Therefore it is important and fair that the Applicant had an opportunity to know on what basis it was being tendered.
- In the circumstances, Court finds that there is some merit in the Applicant’s ground that the acceptance of PW2’s statement
as evidence consistent with the medical report and PW1’s evidence is flawed.
That the Learned Magistrate erred in law and in fact when he failed to consider the victim’s statement that she had been sexually
assaulted by her father in 2008 thus creating a shadow of doubt that intercourse with the Appellant had taken place;
- The victim never stated in her evidence that her father sexually assaulted her. Nevertheless, PW2’s statement included that
her former husband had sexually assaulted the victim. The Applicant in his evidence denied having intercourse with the victim.
- It is clear the Learned Magistrate did not give any weight to the evidence of PW2 in respect to her former husband sexually assaulting
PW1 but accepted PW1 as a credible witness. The Learned Magistrate had relied on the medical report and its finding that victim’s
hymen missing to come to the conclusion that a sexual intercourse had taken place. The medical report did not however implicate the
Applicant. It appears that the fact that PW.1 had been sexually abused by her father could have created a reasonable doubt in PW1’s
evidence. Therefore, there are some merits in this ground.
That the Learned Magistrate erred in law and in fact when he failed to take into account that the Complainant said his birthday was
on 18/6/2012 when he came to meet her but he said his birthday was 18/4/2012.
- The respondent has submitted that this ground is not relevant to the charge of Defilement and therefore has no merits and should be
refused. It appears that the Learned Magistrate has failed to take into consideration the inconsistency of the PW.1’s evidence
in respect of Applicant’s birthday. However, I do not find this inconsistency to be material enough so as to reject PW.1’s
evidence. Therefore, I find this ground is not meritorious.
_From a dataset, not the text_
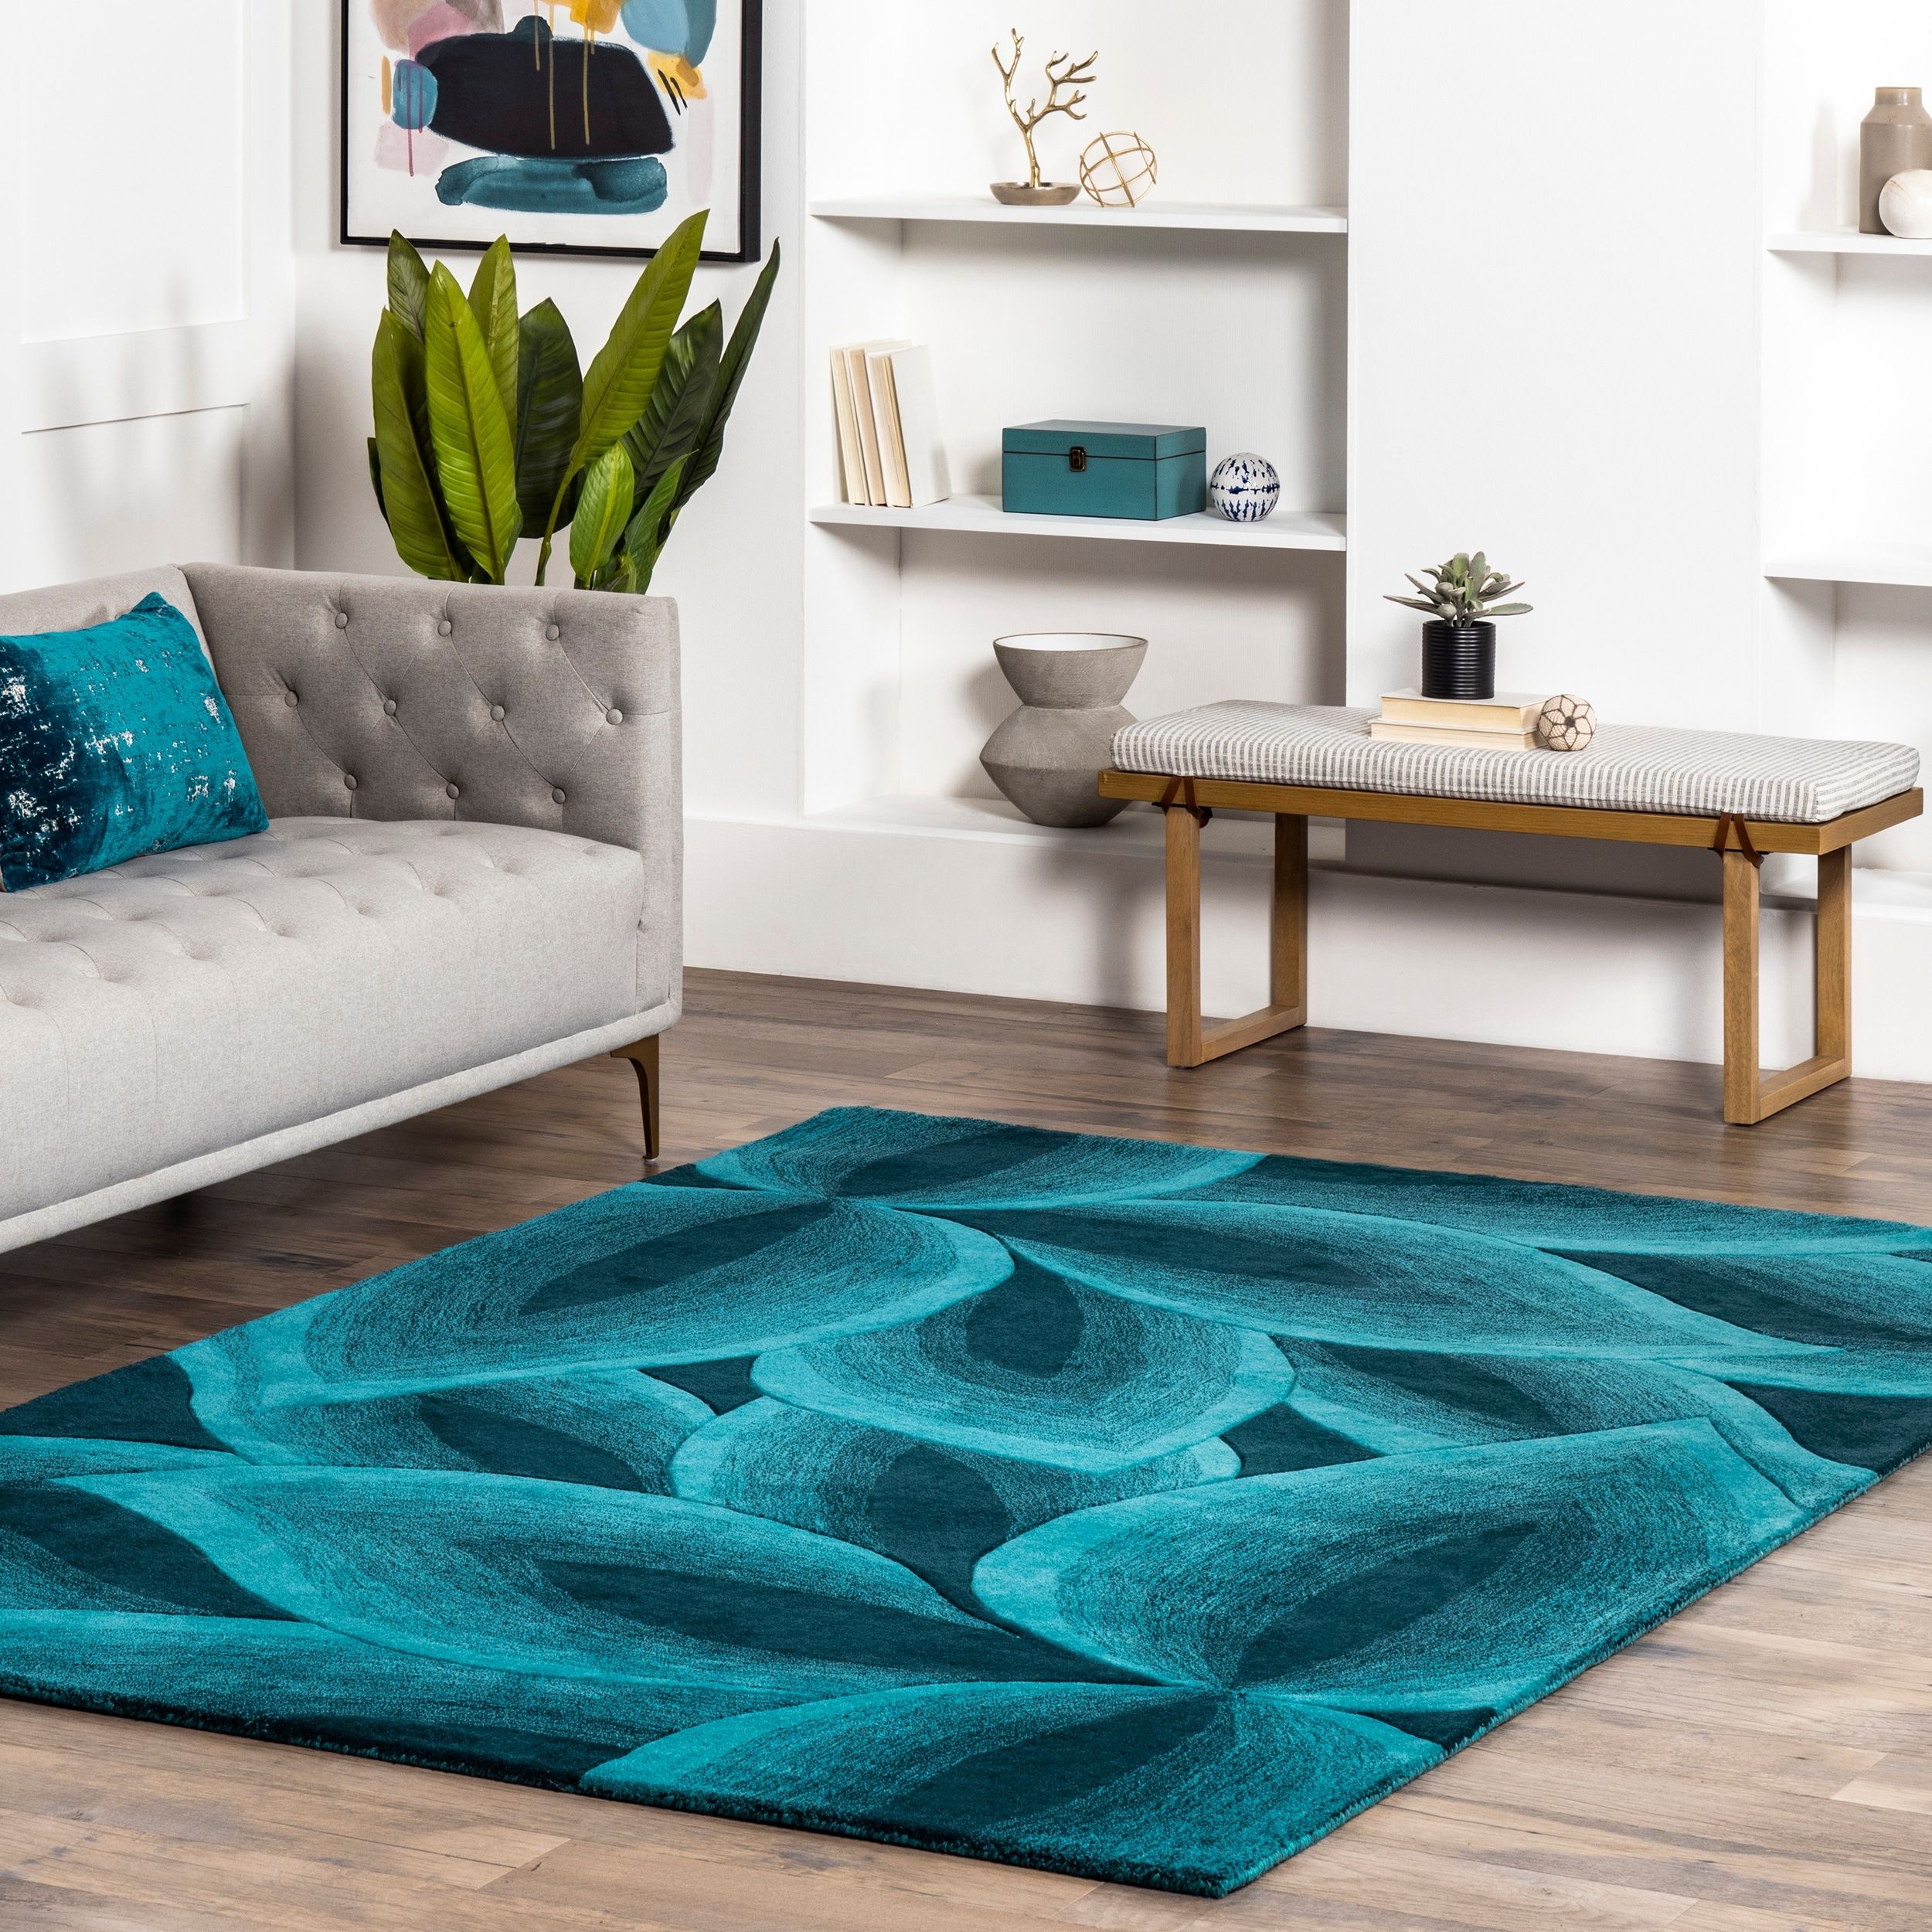 Nuloom Turquoise Handmade Leaves Wool Area Rug – Overstock – 7344098 Within Turquoise Rugs (Photo 7 of 15)

- The delay is not unreasonable in the circumstances. There are grounds of appeal which merit serious judicial consideration that they
will most probably be successful in appeal. Therefore, application for leave to appeal out of time in respect of criminal case No.
645/2012 is granted.
Aruna Aluthge
Judge
Solicitors: Applicant in person
Office of the Director of Public Prosecution for the State (Respondent)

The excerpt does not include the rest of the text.